A growl of engines drowned her out. She stood up cautiously and looked out across the gardens. A huge, battle-scarred white airship was shoving her way in through Cloud 9’s rigging.
“Great gods!” said Theo, looking over Wren’s shoulder. “That’s the Requiem Vortex] That’s her ship!”
Snub-nosed projectors mounted on the airship’s engine pods swiveled this way and that, effortlessly blasting any Flying Ferret that came within range. The Visible Parity Line and the Itsy Bitsy Teeny Weeny Yellow Polka-Dot Machiney were smashed apart by rockets, showering shreds of balsa wood and singed canvas over the crowds who cowered on the Pavilion lawns. An ornithopter called Is That All There Is? fluttered around the airship like a gnat pestering a dinosaur, but it could not pierce the reinforced envelope, and after a few seconds a flight of Stalker birds found it and ripped it into kindling. Damn You, Gravity! plunged toward the airship’s gondola in a desperate attempt to ram it, but more rockets battered it aside, and it went plowing through the flank of one of Cloud 9’s outer gasbags. The Pavilion shuddered, the screaming guests on the lawn began to scream still louder, and the whole deck plate tilted steeply as some of the gas that had been supporting it went spewing into the night.
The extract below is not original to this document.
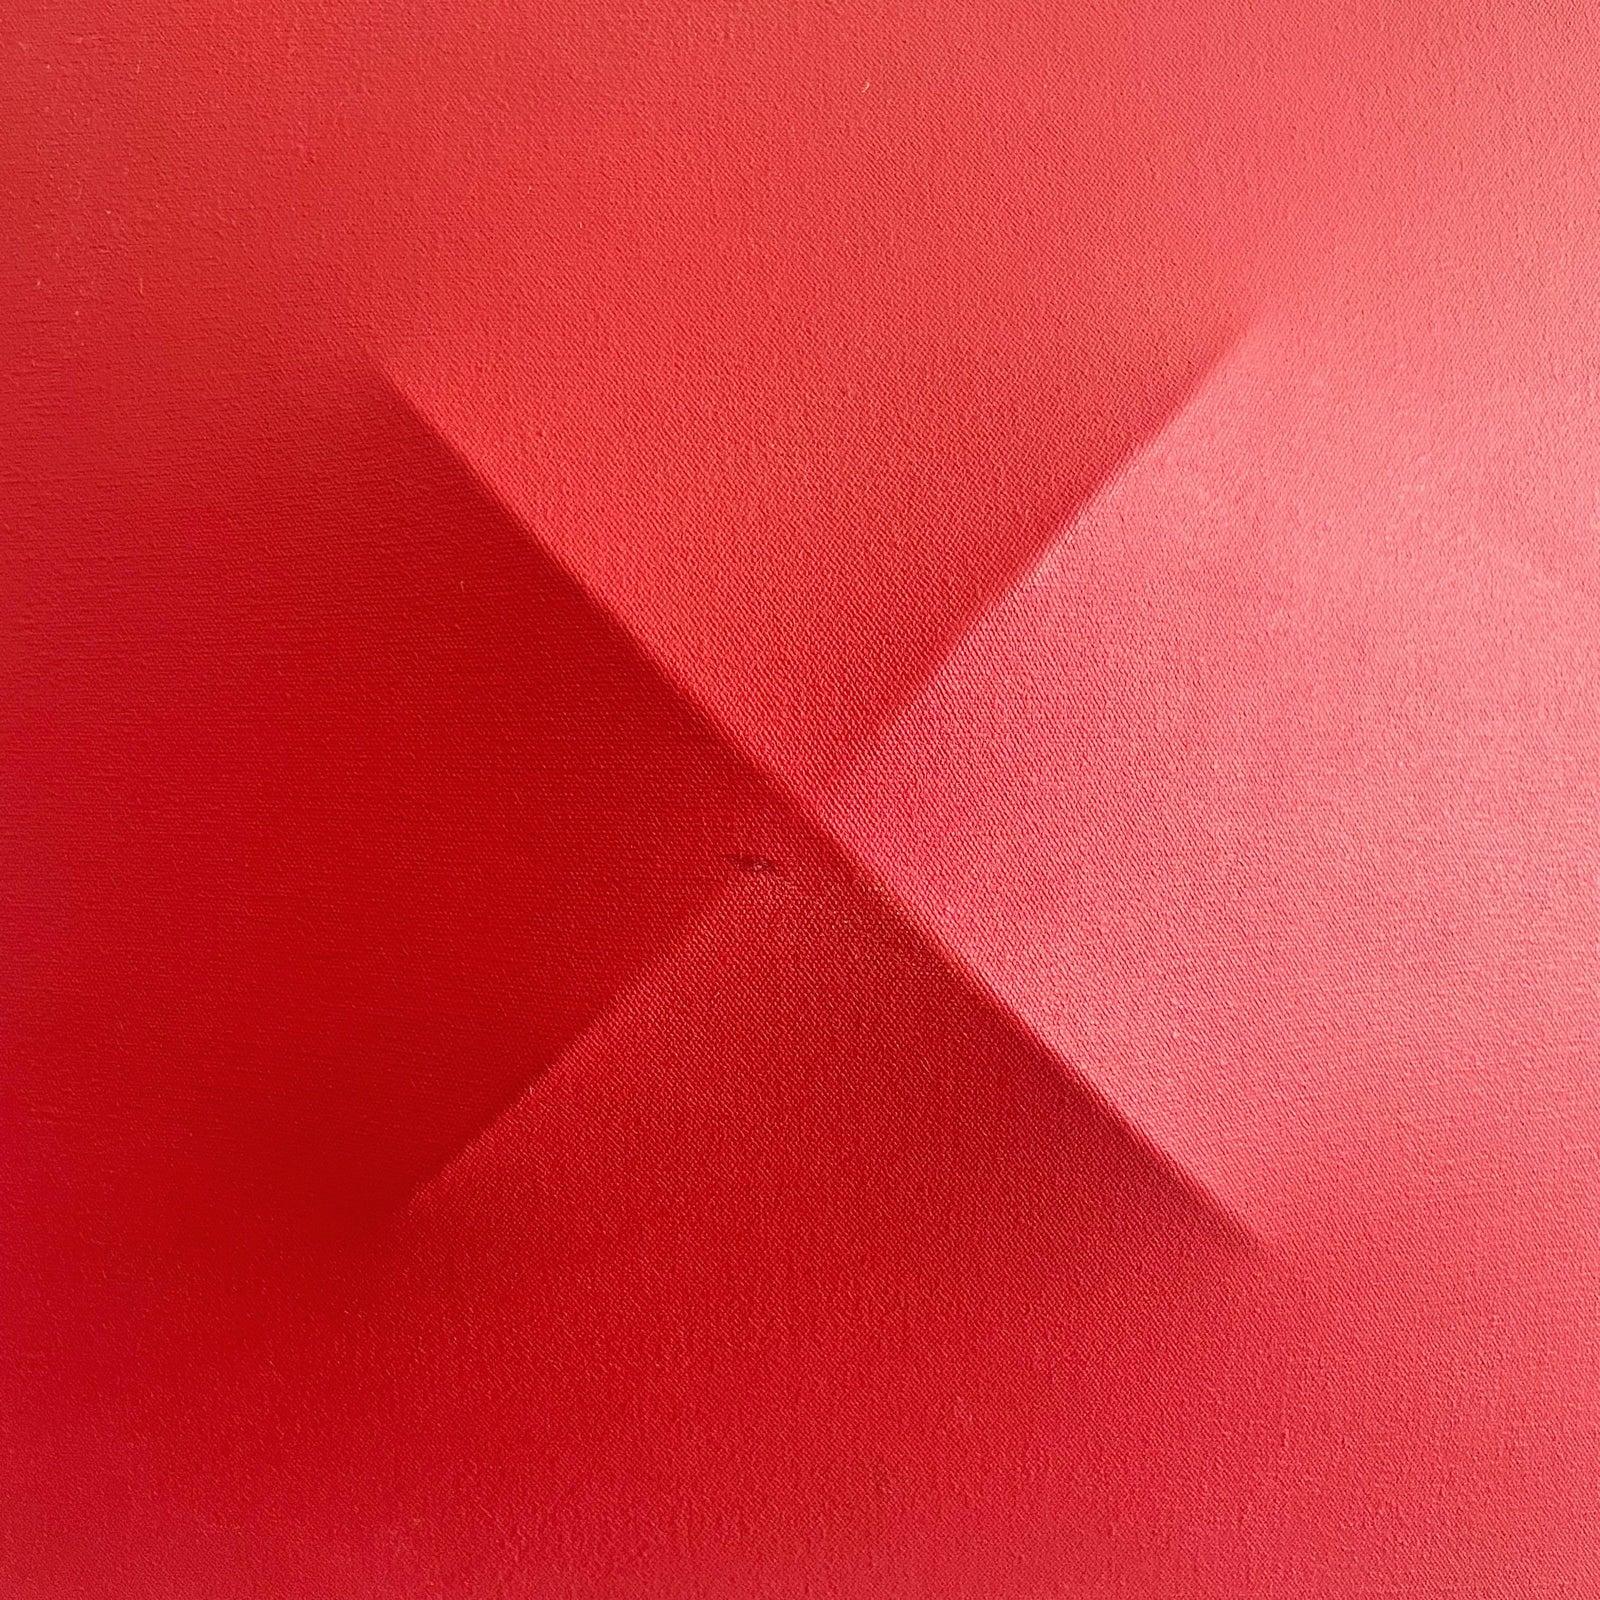 Tom Scmitt 1968, geformte Leinwand, 3dimensional, Acryl auf Leinwand in Rot (amerikanisch) im Angebot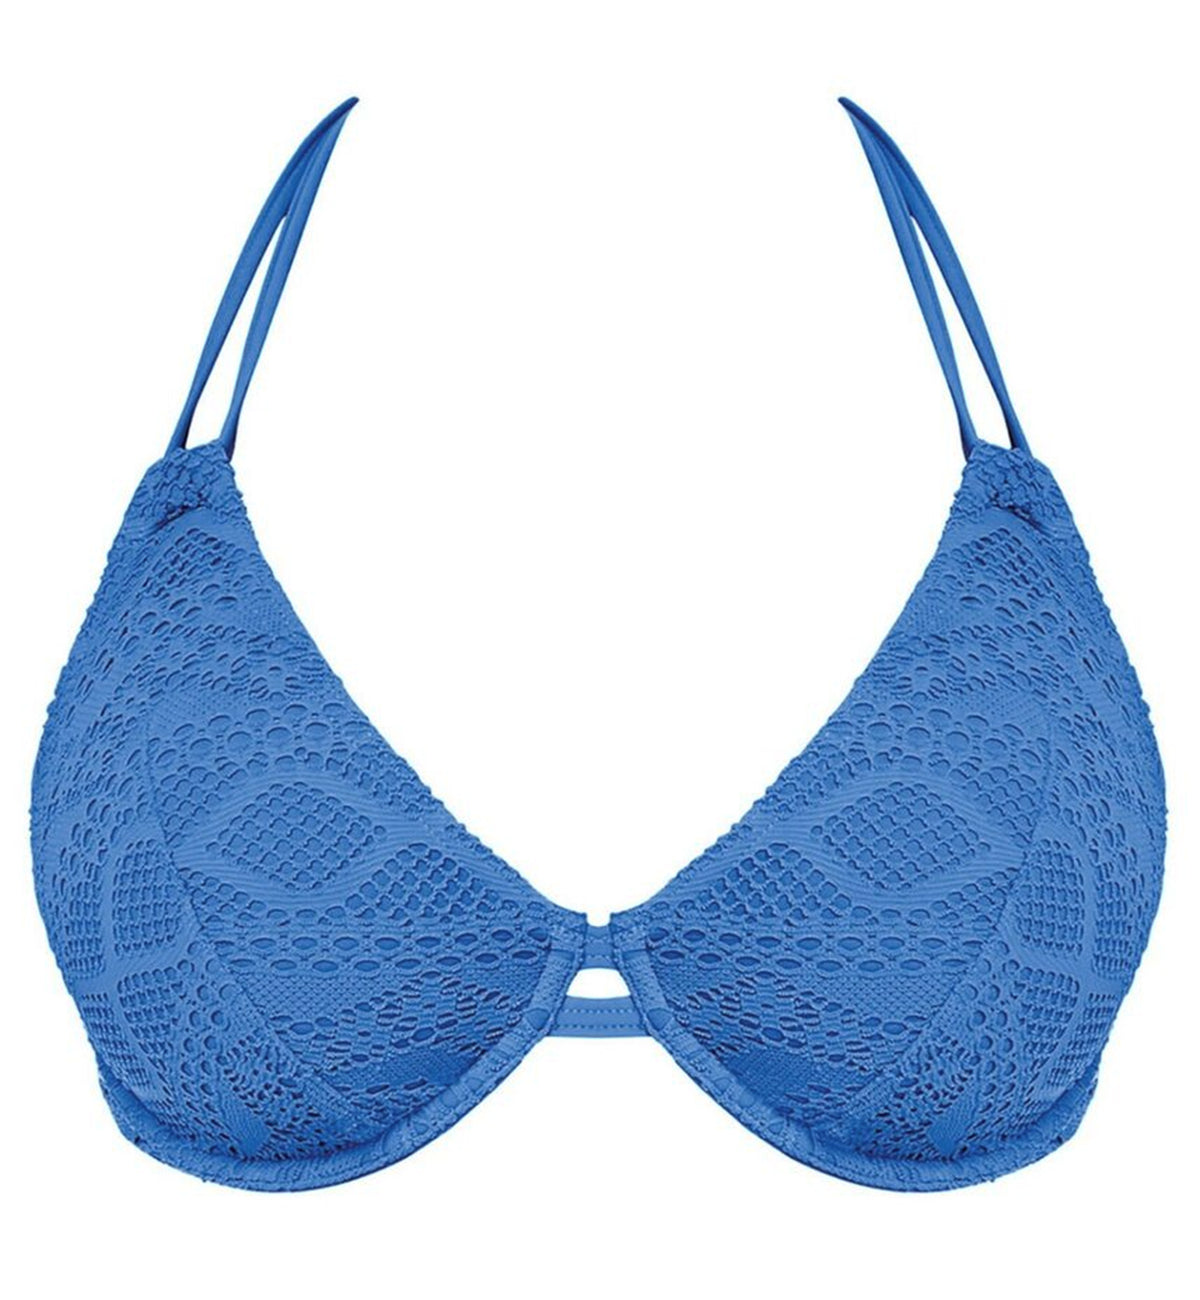 Freya Sundance Bandless Underwire Halter Bikini Top (3971),30F,Blue Moon - Blue Moon,30F

Orla Twombley and the other surviving Ferrets, realizing that they could do no more, turned tail and sped away.
Wren shielded her face against the dust and smoke as the Requiem Vortex swung her engine pods into landing position and touched down on the lawns of Cloud 9. Party guests who had fled the Pavilion earlier now came fleeing back past Wren and Theo’s hiding place, or stood their ground and fashioned flags of surrender out of shirtfronts and napkins. Redcoats hared through the shrubbery flinging down their weapons and trying to rid themselves of their fancy uniforms. Machine guns nattered among the ornamental palms. From the open hatches of the warship’s gondolas spilled spiky armored shapes.